A Guide to Cork City's Geological Heritage

Locations of diamicts - the graffiti comes in handy here when spotting them.

Karst features are also very visible here. As the limestone has been dissolved by weakly acidic waters running through it, large crevasses and even caves formed here. Small-scale examples of these can be seen along the cliff, in particular along the eastern section. Related to these karsts, remember how we talked about Quaternary ice sheets? We can see some leftovers from these here. At the eastern sections of the cliff, within the karsted crevasses, you will find a sludge of pebbles and sediments. These infills are called ‘diamicts’, and they occurred as the ice sheets deposited sediments into the dissolved crevasses of the limestone. These sediment fillings in the limestone cause plenty of problems for residents in Ballinlough and Ballintemple. Houses have been sinking slowly into the ground, and some properties are tilting severely and have required extensive renovation and reinforcement work.

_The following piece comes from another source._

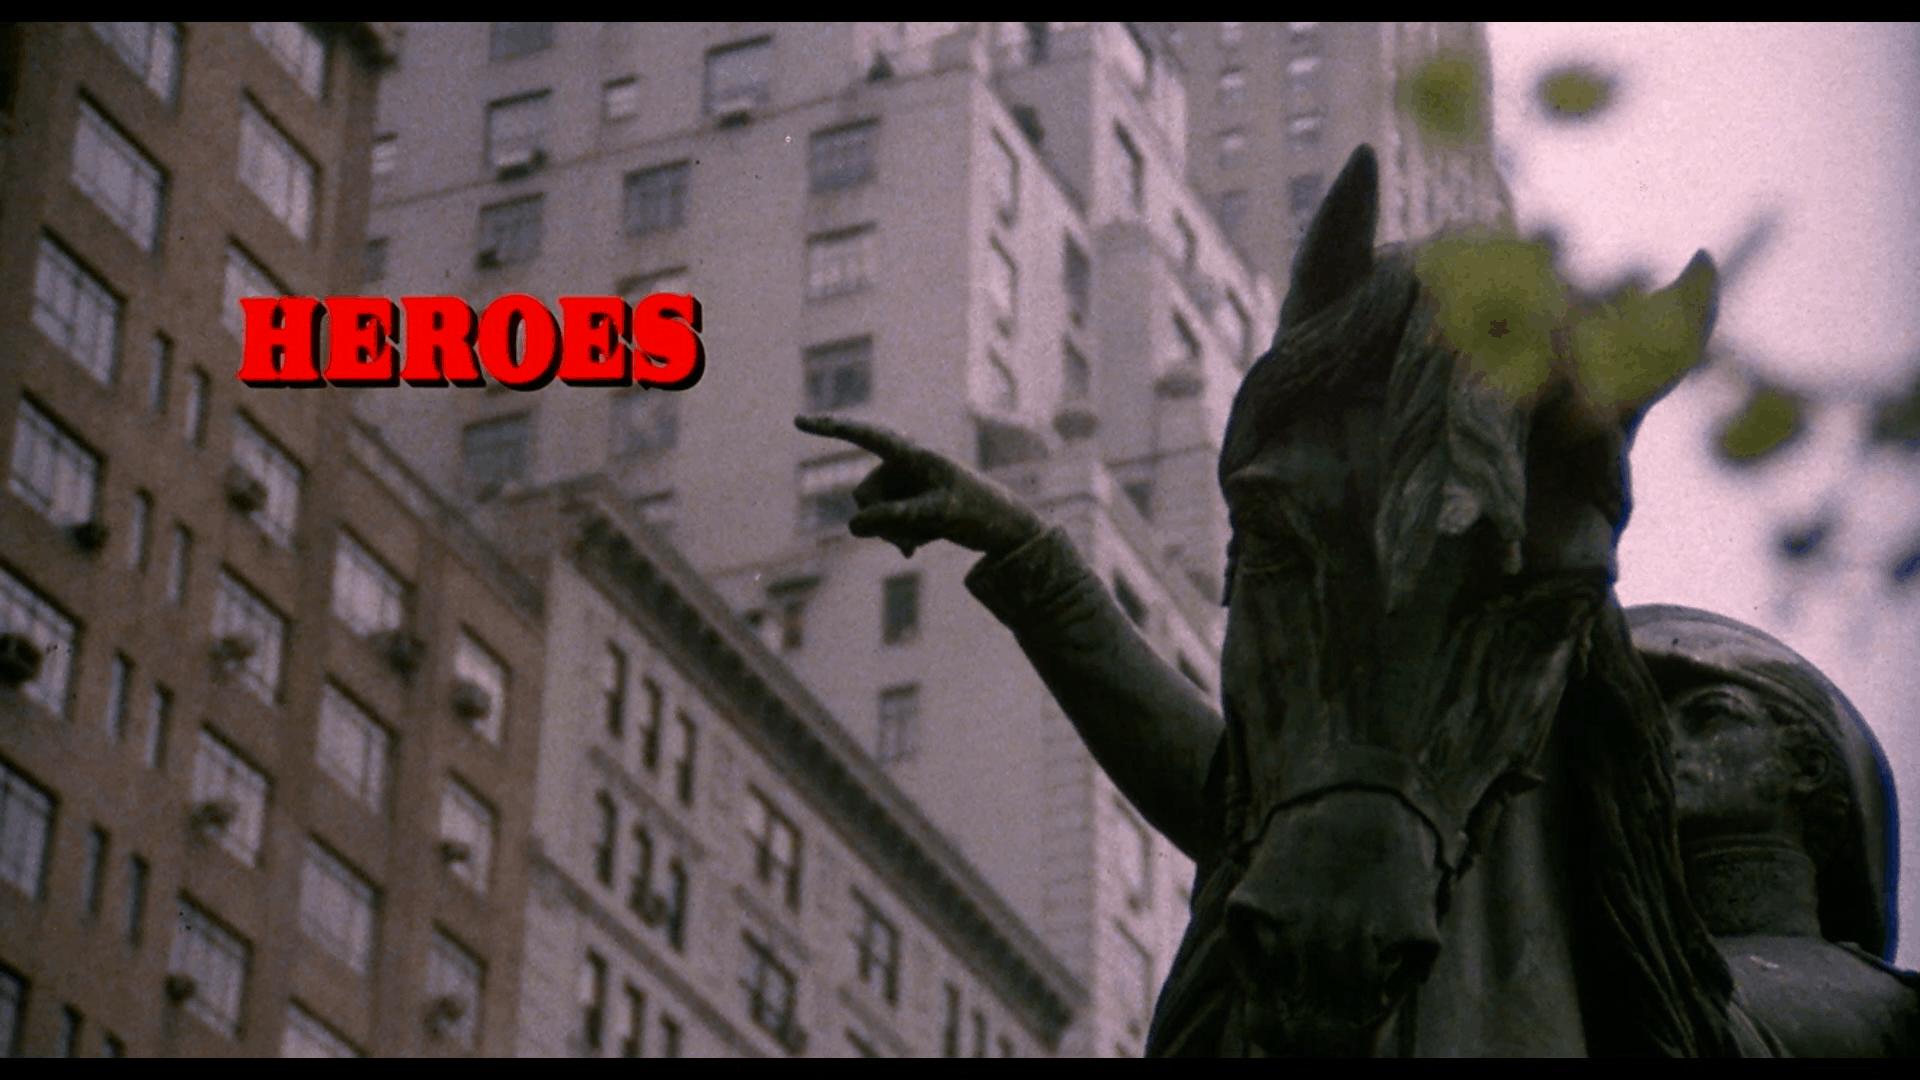 heroes mill creek blu-ray title

Geotechnical reports have shown that a lot of this instability is caused by infrastructure resting on unstable limestone rock layers or resting on glacial sediments which are caving and compressing into the limestone layers. The diamicts to the left show small-scale examples of this phenomenon. These geotechnical reports can luckily help us better understand where these phenomenon takes place for future planning

A closer look at a limestone-hosted diamict.